5 Strategies for People who Hate Fundraising
This post is for everyone who hates fundraising, and I know there are a lot of you out there. I hated fundraising with a passion in the beginning and even now I wouldn't say it's my favorite activity. In fact I would say it's pretty far down the list of things 'I like doing' but it's a necessary part of nonprofit work and I have found that in fact it can be fun.
If you are finding yourself struggling with the fundraising and loathing it more and more, or if the thought of starting a fundraising campaign makes you want to hide in a closet these strategies are going to be a life saver.
1. Start small
Many people dive into fundraising thinking they need to find $100,000 or a million dollars in order to achieve their goal. If you have an established donor base that's one thing, but if you are just starting out or don't have a great donor base you are going to overwhelm yourself with such a big number. If it's truly what you need in order to do your work I would suggest breaking it down into steps and then treating each step of the project as it's own separate, noncompeting fundraising campaign. That way you can focus on bringing in 10K or 20K and it will feel much less daunting than a million right out of the gate.
There are a lot of different ways to start small (taking on small projects, having small fundraising goals, giving yourself a very generous timeframe to bring the money in), and I would encourage you to be open to them. Small wins add up to big wins so don't get deterred by trying to go for the big win right away and then getting overwhelmed.
2. Don't directly ask for money
This one is controversial and you can do what you would like with it. Personally, I have found it to be very effective plus it takes all the pressure off 'making the ask'. I was able to raise 26K in two months without making a single direct 'ask'. Now if you are comfortable making an ask then go right ahead, but if asking for money makes you squeamish and uncomfortable then I would like to show you another way.
Focus on having a conversation about the organization, highlighting the mission, impact, and needs. This will only work if you get the donor engaged and excited about the story and make the needs very clear. If you talk about the organization and then simply say it's great, the person you are talking to won't understand that there is a need and won't offer to make a donation. This method also won't work with someone who is an established donor who is accustomed to being asked.
3. Focus on one fundraising method you are comfortable with
There are a variety of ways that you can bring money into an organization and you don't have to do every method. In fact many people believe that putting all your energy into one method will result in a far better outcome than splitting your time between multiple methods. So if you love conversation and fundraising face-to-face then go all in on that. If you hate doing that and would much rather try for grants then dive into that. If both of those options scare you to pieces then you could sell a service or product and have all the proceeds benefit your charity.
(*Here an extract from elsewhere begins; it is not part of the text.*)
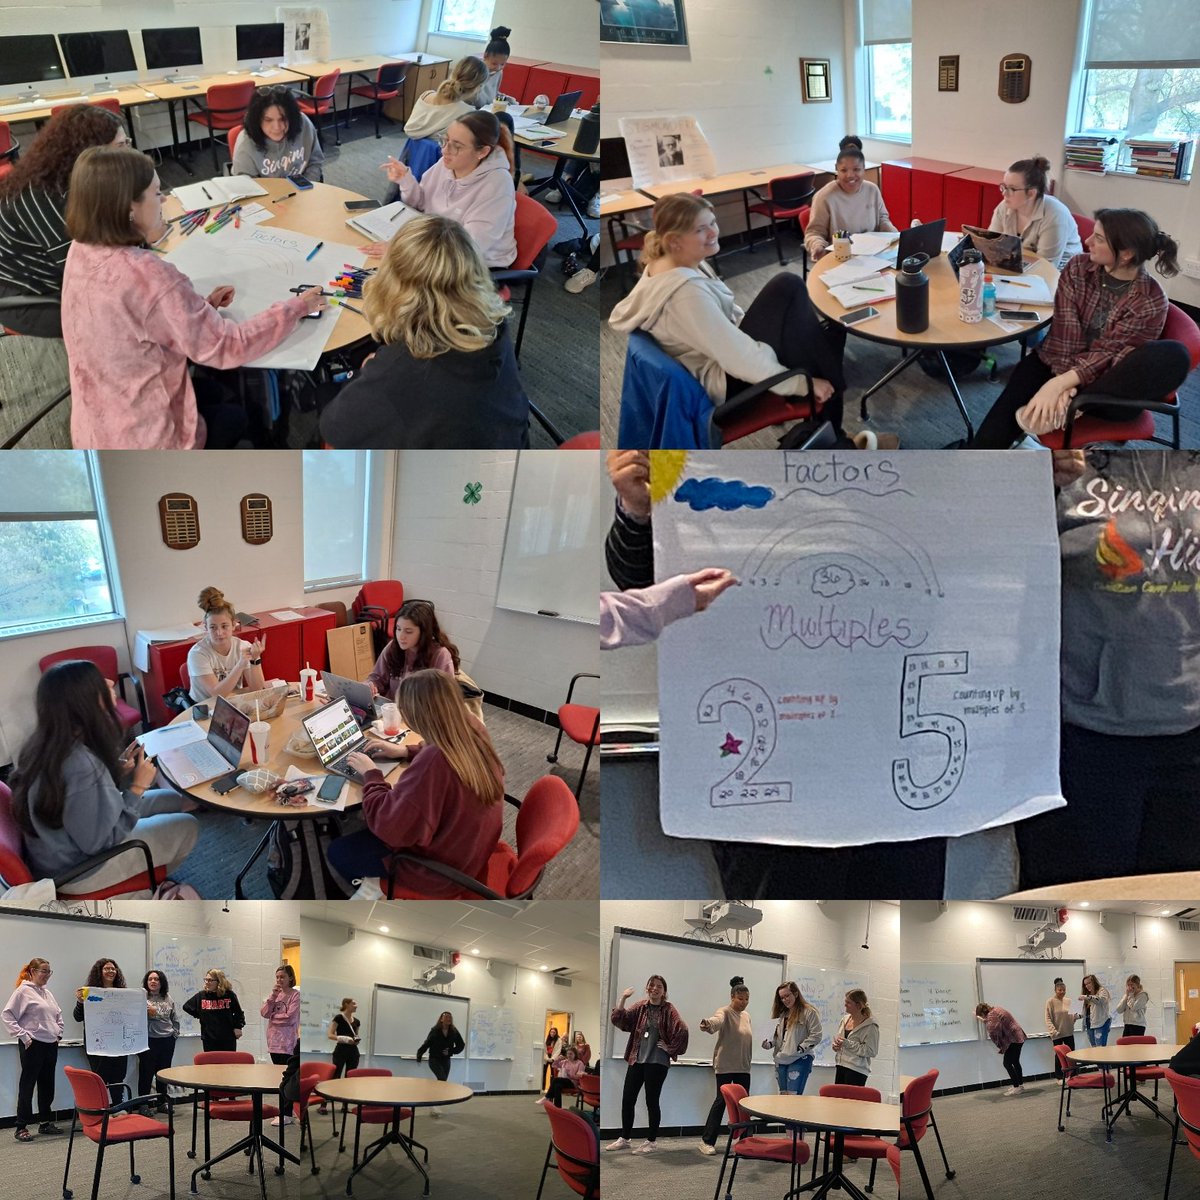 Tonight, we explored arts integration with a focus on creating inclusive learning environments and engaged in cross disciplinary learning activities, including group discussions, performances, and creative play! 😊 Way to go, future educators🙌🎯 @UofHartford!

There are multiple ways to bring in dollars. Don't feel that you need to apply for grants or run a crowdfunding campaign just because other people told you to. Put a lot of effort into methods you are comfortable with and leave the other options for other people.
4. Stop thinking about it as fundraising
Instead of thinking of it as the dreaded F-word try thinking about it as network building. I have found that when I talk to new people about my organization it helps me to think of it as widening my network not hunting for dollars. There is something much more engaging and relaxed about increasing your network as opposed to thinking about finding new donors and money. When you are focused more on making connections and widening your reach you are often pleasantly surprised at how helpful and generous people can be towards a nonprofit.
5. Make sure it's fun for you
I'm not joking about this one. If you hate what you are doing the people around you are going to know and no one wants to open their pocket books for someone who is clearly miserable. I like events. I like the food, make the decorations, mingling with people. Guess how I brought in 90% of my money? If you look up any information about nonprofit events online it will tell you that they are the worst way to fundraise and often you bring in almost no money with an event. Well that's how I brought in all my money and part of it was because I loved doing it and donors could tell. I was having fun and so were they and it made it so easy for them to donate and feel good about it.
If you LOVE writing cards or making videos than make that one of the primary ways you bring in money. I'm not saying don't try anything else, but I think you will find that the things you like to do tend to also be the things that bring in the most $$$$
There you have it 5 strategies for people who hate fundraising. Hope you enjoyed it and happy fundraising!
As always, keep impacting the world with your work!